Местный уполномоченный давно превзошел границы возможного в сборе дани (правда, не в отправке её в сокровищницу Куша и Вавата), и в способах её получения. Полыхнуло как-то враз и из-за какой-то, казалось, мелочи. Потерявший берега чиновник был просто растерзан, со всеми сопровождающими. Как видно, их числа и подготовки было мало для таких поборов. Дань была разграблена, все бывшие в тех краях жители Та-Кем были либо убиты, либо (кто половчее и поудачливей) — бежали, бросив всё имущество. Правда, многих из мнящих уже себя счастливцами бунтовщики настигли на порогах. Под горячую руку попали даже рабы и слуги египтян — для восставших они были лишь прихлебателями грабителей, которые, к тому же, жили много лучше бунтовщиков и их семей, да, к тому же, часто участвовали в сборе дани, ни в чем себе не отказывая, творя бесчинства и обиды. Ведь чем мельче человек в душе своей, тем больше он хочет возвыситься не делами своими, а умаляя и давя других.

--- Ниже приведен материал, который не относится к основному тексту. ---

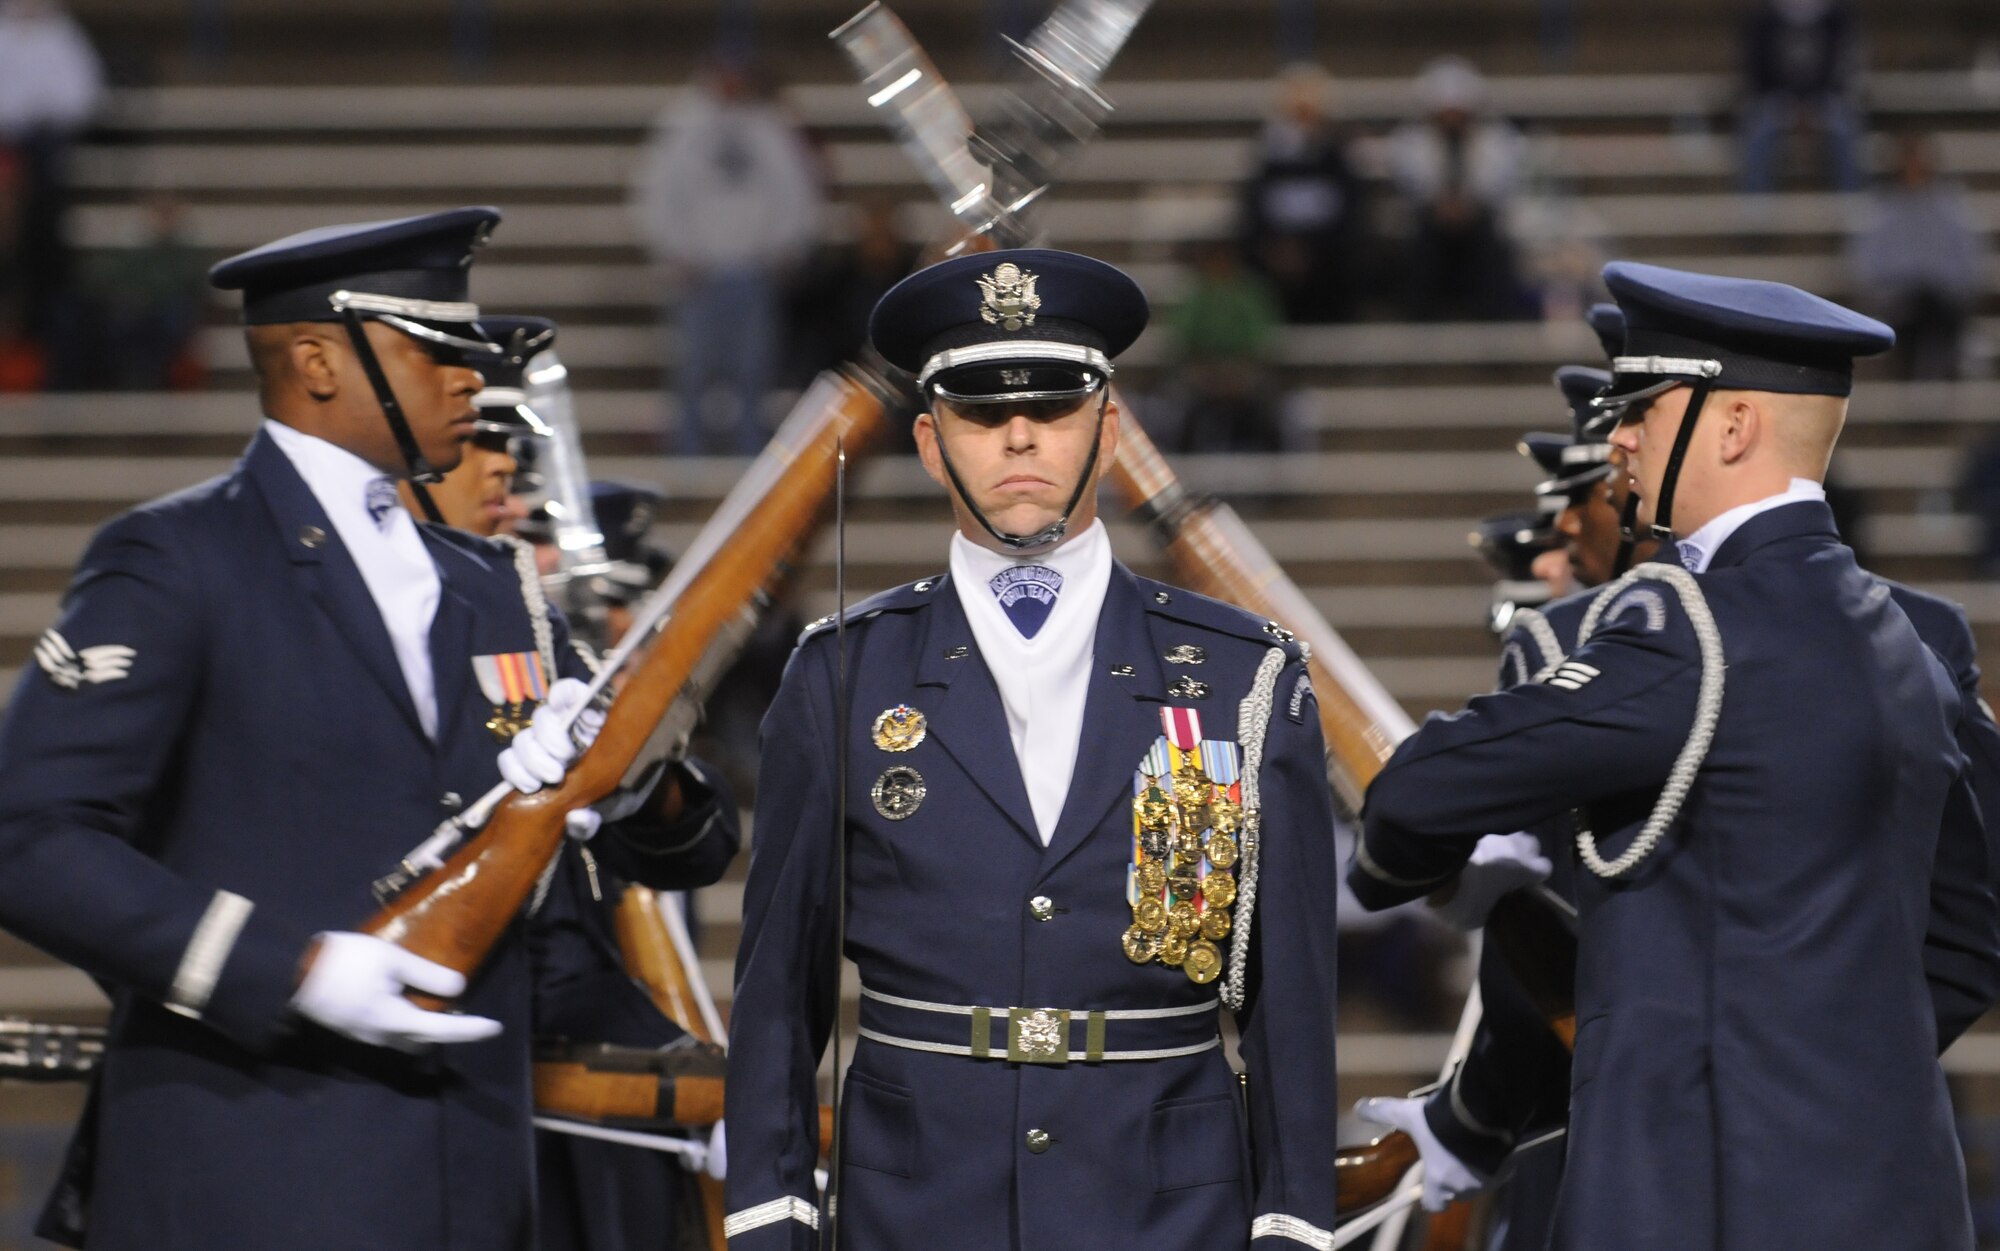 The United States Air Force Honor Guard Drill Team performs at halftime at an Angelo State University football game Oct. 31 in San Angelo, Texas.  The Drill Team tours worldwide representing all Airmen while showcasing Air Force precision and professionalism and personifying the integrity, discipline, and teamwork of every Airman and every Air Force mission. During the Air Force Honor Guard's 60-year history, their traveling component, the Drill Team, has performed in every state of the union and many countries abroad. (U.S. Air Force photo by Senior Airman Sean Adams)

Да и кто будет жалеть пусть и с виду и по языку похожего, но из другого рода и другой деревни, особенно если он успел напакостить. Конечно, много полегло безвинных — стариков, детей, женщин. Впрочем, так всегда и бывает при бунте — попранная справедливость, восстав, не видит, как чинит несправедливости сама, и как вокруг неё, победившей, сбиваются такие же мелкие и жадные душонки, как и те, против которых она восстала. За вины и преступления больших людей всегда отдуваются малые. Большие платят положением, богатствами и землями, малые — жизнью и кровью. Хотя на этот раз и многим большим, по меркам Ирчема и Кермы, пришлось умереть.